Jim Maginn of Newcastle, Co Down

Jim Maginn was the second of four sons of James and Annie Maginn, who owned the Montana Hotel on Main Street, Newcastle, Co Down (where Neesons now stands). He was born in Granite Street, Butte, Montana on November 15th 1911, but his family came home to Newcastle in 1920.

He was educated in St Mary’s Primary School and St Malachy’s College, Belfast. He went to Dalgan in 1929 and was ordained on December 21st 1935.
Father Jim was assigned to Korea in 1936 and ministered in the Shunsen (now called Chunchon) Prefecture .

During World War 11 Father Maginn was arrested together with twenty three other Columban Missionaries in Korea.

He spent a fortnight in gaol in December 1941, followed by three months imprisonment and was under house arrest for the remaining period of the war in his own mission residence.

His one and only visit home was in 1946. His mother had died three years before.

When the war broke out Father Maginn’s hundred parishioners pleaded with him to flee but, as many of them later testified, he refused saying, “As pastor I am staying here in the church”. He divided up all the money he had and gave it to the people who were fleeing.

FATHER MAGINN’S ARREST AND DEATH
Father James Maginn, who has been missing in Korea since June 1950, is now known to have been killed on the 4th of July of that year.

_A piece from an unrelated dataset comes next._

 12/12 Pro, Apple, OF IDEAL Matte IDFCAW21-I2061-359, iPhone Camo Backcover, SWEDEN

Father Maginn was pastor of Samchok, on the east coast of Korea, some 50 miles south of the political boundary between North and South Korea, the 38th Parallel. He was in his parish when the North Korean Communist forces invaded the territory in June 1950, but when the Reds were driven back in the autumn of that year and our priests were able to return to the district, there was no trace of him and no information of what happened to him.
Quite recently, however, Father Brian Geraghty, Maynooth Mission Superior in Korea, received information from a Korean which told of Father Maginn’s death and the location of his grave.

In the week between the outbreak of the war and the occupation of his parish, he had been urged by his people to leave the town before the Communists came. He advised them to go and some did. Father Jim gave them money to help them survive, but he chose to stay, saying, “I shall remain here and defend the Church until death. I shall bear witness to God to the Communists who deny Jesus Christ.”

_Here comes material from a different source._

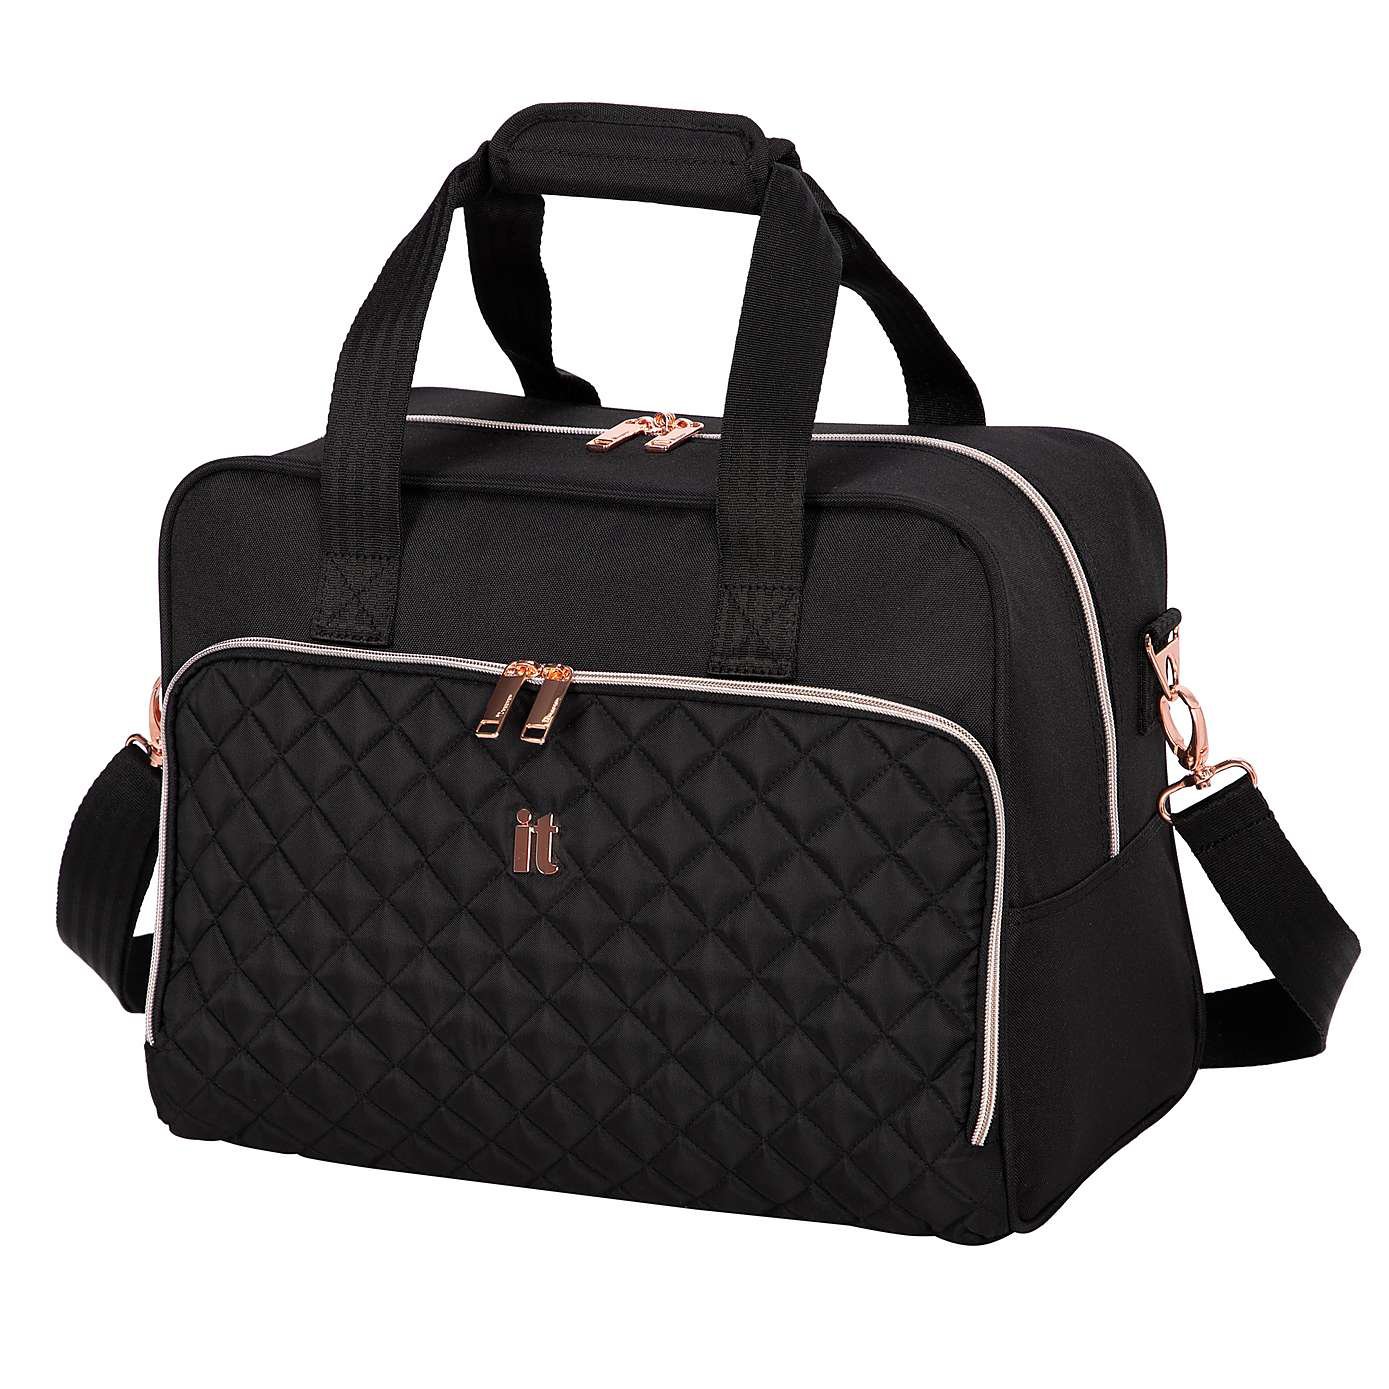 it Luggage Quilted Divinity Holdall Black Rosegold Reviews - Updated ...

A teacher in the High School, John Kim Soo Sung, was very devoted to Father Jim, who had baptised him earlier, and he declared that he could not leave, knowing that Father Jim was willing to face death at the hands of the Communists, so he also vowed to stay.

It is known that Father Jim offered Mass on the morning of July 2nd, the day in which the Reds invaded the village. Two days later, informed on by the local Communists, they came to arrest the priest. As John Kim recalled, “Father Jim received them with calmness and composure.” Entering the church, he knelt before the altar for a short final prayer. The impatient soldiers shouted to him from outside the church. When he emerged, they seized and kicked him, struck him with their rifle butts and were about to handcuff him. With a calm smile, he said, “Make yourselves at ease, I’m not escaping. Let’s go this way.” Overcome by his self-possession, they yielded to his request. He was escorted to the station at gunpoint. A few hours later, John Kim was arrested and detained in an adjacent cell. They questioned Father Jim for two days. Because he had been born in America, they wanted him to confess that he was an American spy.

John Kim got out of gaol when the Reds pulled back in October and he was able to give a detailed account of Father Jim’s last days.

After a period of detention, starvation and torture Father Jim was lying almost unconscious on the floor at midnight when a warder came and shouted at him to get up and come out of his cell. Father Jim had already guessed the reason. He asked them to let him say a word of farewell to John Kim who was still in the adjacent cell. The warders could not refuse the last request of a man about to die. Passing his fingers through John Kim’s hair, he gave him his final blessing, saying, “John, I hope to see you in Paradise. Whatever pain you have to suffer, bear it patiently and never lose your faith in Our Lord Jesus Christ.” He disappeared into the pitch-black night and John Kim’s mourning wails followed him and continued long after he had gone. Father Maginn was hustled barefooted along the rugged mountain road as far as Cha-chi-ri. A shot echoed through the ravine and he fell. Next morning the corpse was found by villagers who charitably buried it at the very spot.

FAR EAST JUNE 1952

Father Jim was 38. He was the 2nd of the seven Columban Priests to die.

It was not until March 1952 after the liberation of Chunchon city that his grave and body were located by Fr Brian Geraghty, on the information of eye-witnesses of his last hours. His body was exhumed and laid to rest on 26th March 1952 beside Fathers Collier and Reilly in the church-yard of Jungnim- dong, now the Cathedral Church of Chunchon Diocese in South Korea.